▶ [Task requirements]: Exactly reproduce the data from its first line through the line with "あかせあかり 大和田南那 Liyuu", leaving out every line after it.

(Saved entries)
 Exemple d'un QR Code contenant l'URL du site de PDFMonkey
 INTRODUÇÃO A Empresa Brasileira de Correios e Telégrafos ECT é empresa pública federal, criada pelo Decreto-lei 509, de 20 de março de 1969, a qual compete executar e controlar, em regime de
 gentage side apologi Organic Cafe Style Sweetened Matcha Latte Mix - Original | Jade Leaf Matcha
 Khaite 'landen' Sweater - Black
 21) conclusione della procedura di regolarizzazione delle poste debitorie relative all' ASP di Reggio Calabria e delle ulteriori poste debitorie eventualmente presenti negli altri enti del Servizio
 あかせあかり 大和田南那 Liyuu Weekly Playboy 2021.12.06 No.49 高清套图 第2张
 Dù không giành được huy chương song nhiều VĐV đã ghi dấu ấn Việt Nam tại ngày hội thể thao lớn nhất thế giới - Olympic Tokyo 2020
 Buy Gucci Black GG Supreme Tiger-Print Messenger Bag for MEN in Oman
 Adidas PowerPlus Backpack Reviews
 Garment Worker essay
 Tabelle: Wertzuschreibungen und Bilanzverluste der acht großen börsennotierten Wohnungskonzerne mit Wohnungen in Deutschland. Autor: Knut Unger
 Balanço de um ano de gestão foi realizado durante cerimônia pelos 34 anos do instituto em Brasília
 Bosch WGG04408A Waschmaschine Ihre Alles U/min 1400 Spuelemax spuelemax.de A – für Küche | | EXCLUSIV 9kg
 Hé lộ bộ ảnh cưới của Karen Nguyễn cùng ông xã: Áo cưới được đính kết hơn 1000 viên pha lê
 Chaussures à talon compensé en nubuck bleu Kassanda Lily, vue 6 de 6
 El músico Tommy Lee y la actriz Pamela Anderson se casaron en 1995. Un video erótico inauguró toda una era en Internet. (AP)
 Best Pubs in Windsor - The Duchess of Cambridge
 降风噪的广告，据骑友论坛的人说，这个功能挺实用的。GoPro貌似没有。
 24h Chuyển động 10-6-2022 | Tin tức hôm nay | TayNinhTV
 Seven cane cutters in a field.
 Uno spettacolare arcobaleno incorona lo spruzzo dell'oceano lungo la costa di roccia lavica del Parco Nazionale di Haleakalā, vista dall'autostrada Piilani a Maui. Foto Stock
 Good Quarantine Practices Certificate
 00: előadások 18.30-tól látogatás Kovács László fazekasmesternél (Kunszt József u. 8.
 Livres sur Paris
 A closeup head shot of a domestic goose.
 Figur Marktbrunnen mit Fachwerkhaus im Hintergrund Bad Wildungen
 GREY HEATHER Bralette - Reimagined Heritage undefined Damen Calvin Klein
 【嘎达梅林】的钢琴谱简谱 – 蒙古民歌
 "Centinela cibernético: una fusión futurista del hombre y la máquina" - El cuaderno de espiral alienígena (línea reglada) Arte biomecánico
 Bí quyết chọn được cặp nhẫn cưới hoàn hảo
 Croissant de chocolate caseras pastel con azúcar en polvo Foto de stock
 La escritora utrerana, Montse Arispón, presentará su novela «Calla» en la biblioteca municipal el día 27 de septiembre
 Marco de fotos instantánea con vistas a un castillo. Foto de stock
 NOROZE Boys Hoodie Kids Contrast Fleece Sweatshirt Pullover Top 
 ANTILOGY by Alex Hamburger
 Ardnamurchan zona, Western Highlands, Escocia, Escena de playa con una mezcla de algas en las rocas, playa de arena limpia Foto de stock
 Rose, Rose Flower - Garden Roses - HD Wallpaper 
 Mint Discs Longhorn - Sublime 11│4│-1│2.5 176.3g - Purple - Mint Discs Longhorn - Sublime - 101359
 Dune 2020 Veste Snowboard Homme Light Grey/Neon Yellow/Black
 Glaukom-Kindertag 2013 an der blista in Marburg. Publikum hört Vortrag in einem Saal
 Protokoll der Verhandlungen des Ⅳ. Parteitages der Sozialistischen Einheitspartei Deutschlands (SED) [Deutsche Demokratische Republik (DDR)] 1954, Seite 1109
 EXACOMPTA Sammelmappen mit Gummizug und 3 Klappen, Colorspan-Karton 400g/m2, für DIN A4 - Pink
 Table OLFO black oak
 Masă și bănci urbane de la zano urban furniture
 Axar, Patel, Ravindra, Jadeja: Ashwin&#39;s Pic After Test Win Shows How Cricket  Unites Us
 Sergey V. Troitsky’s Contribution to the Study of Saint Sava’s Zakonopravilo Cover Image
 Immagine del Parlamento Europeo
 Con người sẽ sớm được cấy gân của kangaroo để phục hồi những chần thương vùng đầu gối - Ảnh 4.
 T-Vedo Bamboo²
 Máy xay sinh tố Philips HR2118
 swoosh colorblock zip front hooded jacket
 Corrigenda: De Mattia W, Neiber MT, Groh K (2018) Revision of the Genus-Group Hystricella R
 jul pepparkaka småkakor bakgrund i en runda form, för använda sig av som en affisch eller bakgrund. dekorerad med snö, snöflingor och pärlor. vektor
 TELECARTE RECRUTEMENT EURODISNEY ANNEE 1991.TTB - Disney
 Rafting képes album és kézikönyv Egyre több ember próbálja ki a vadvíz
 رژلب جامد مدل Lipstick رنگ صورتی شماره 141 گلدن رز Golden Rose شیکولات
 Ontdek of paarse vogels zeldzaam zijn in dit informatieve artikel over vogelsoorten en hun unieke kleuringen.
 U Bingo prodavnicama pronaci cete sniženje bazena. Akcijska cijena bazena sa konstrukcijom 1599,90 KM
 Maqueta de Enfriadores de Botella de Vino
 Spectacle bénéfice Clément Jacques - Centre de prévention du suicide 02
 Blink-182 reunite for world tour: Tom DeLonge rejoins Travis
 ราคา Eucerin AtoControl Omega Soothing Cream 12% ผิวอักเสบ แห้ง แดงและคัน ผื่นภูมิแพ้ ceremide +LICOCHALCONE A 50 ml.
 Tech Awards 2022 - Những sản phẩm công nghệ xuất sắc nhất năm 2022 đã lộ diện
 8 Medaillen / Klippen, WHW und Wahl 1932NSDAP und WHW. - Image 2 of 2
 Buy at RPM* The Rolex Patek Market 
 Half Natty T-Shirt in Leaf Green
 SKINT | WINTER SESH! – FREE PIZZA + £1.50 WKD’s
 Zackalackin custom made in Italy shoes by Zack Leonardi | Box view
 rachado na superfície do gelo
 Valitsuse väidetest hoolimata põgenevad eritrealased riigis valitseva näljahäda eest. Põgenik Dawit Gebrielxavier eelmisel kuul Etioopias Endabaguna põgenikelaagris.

▶ [The completed task]:
 Exemple d'un QR Code contenant l'URL du site de PDFMonkey
 INTRODUÇÃO A Empresa Brasileira de Correios e Telégrafos ECT é empresa pública federal, criada pelo Decreto-lei 509, de 20 de março de 1969, a qual compete executar e controlar, em regime de
 gentage side apologi Organic Cafe Style Sweetened Matcha Latte Mix - Original | Jade Leaf Matcha
 Khaite 'landen' Sweater - Black
 21) conclusione della procedura di regolarizzazione delle poste debitorie relative all' ASP di Reggio Calabria e delle ulteriori poste debitorie eventualmente presenti negli altri enti del Servizio
 あかせあかり 大和田南那 Liyuu Weekly Playboy 2021.12.06 No.49 高清套图 第2张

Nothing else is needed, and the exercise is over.